Nasdaq proposes that issuers be required to comply with the compensation committee responsibilities and authority proposed changes immediately upon SEC approval. The proposal provides that, to the extent a listed company does not have a compensation committee, the rule would apply to the independent directors who determine executive compensation (or who recommend executive compensation to the full board). Nasdaq further proposes that the remaining provisions of the listing rules on compensation committees take effect upon the earlier of (i) the second annual meeting of a listed company held after the date of the SEC’s approval of such rules, or (ii) December 31, 2014. Each Nasdaq listed company will be required to certify to Nasdaq within 30 days after the implementation deadline applicable to the listed company, on a new form that Nasdaq will provide, that the listed company has complied with the amended listing rules on compensation committees.

Nasdaq proposes that asset-backed issuers and other passive issuers, cooperatives, limited partnerships, management investment companies and controlled companies be exempt from the new listing rules, which is consistent with Nasdaq’s current practice for rules regarding compensation committees. Nasdaq also proposes to continue to allow foreign private issuers to follow their home country practice in lieu of the revised listing rules relating to compensation committees if the foreign private issuer provides the currently required disclosure in its annual reports filed with the SEC (or its website if it is not required to file an annual report with the SEC) regarding its home country practices, as well as provides additional disclosure in such filing or on its website as to why it does not have an independent compensation committee, if applicable.

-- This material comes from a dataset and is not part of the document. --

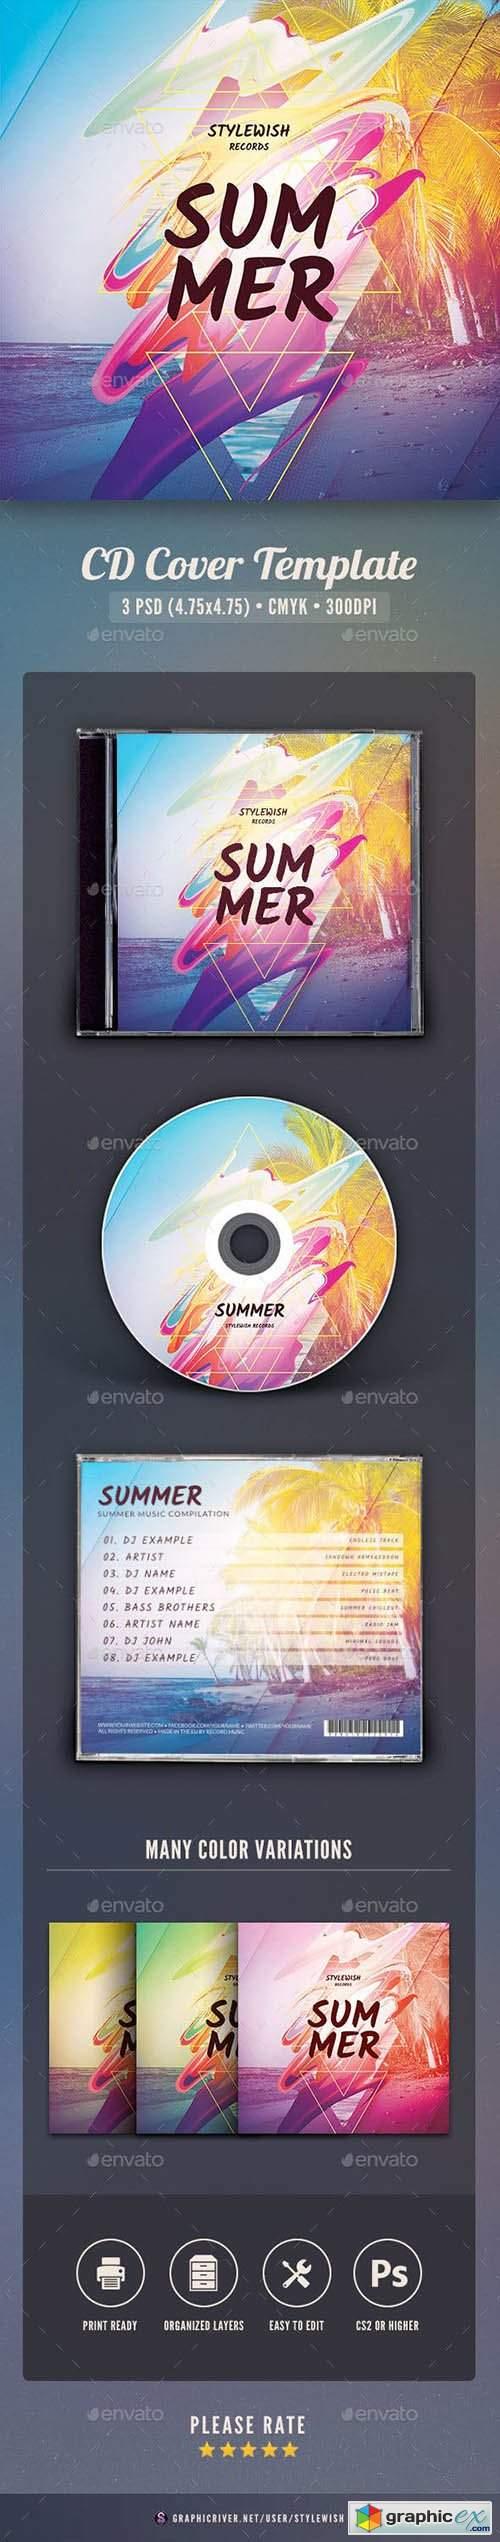 Summer CD Cover Artwork 23466149

Nasdaq proposes that smaller reporting companies will be required to have a compensation committee comprised of two independent directors and to adopt formal written compensation committee charters or in lieu thereof, board resolutions (which is unique to smaller reporting companies under the rules). However, Nasdaq proposes that smaller reporting companies not be required to comply with the remaining new rule proposals, including the prohibition on compensation committee members accepting directly or indirectly any consulting, advisory or other compensatory fee from an issuer and the examination of affiliate status when determining compensation committee member eligibility.

Action Items

Although the proposed rules are not yet effective, Nasdaq rules will be effective upon SEC approval and NYSE rules are expected to become effective sometime next year. Accordingly, companies should consider taking steps to prepare for the new rules, including:

  • Evaluate the independence of compensation committee members in light of the proposed standards;
  • Review and prepare proposed amendments to compensation committee charters;
  • Establish diligence procedures to identify any actual or potential conflicts of interest involving committee consultants, counsel and other advisers, such as supplementing director & officer questionnaires, preparing questionnaires for advisers and requiring advisers to address conflicts in connection with engagements or when rendering advice.

Readers should note that the recent rule changes regarding disclosure of compensation consultant conflicts of interest (referred to in the introduction to this bulletin) are already effective for proxy statements relating to annual meetings occurring on or after January 1, 2013. Accordingly, affected companies should implement diligence procedures with respect to compensation consultants to determine if there are any required disclosures.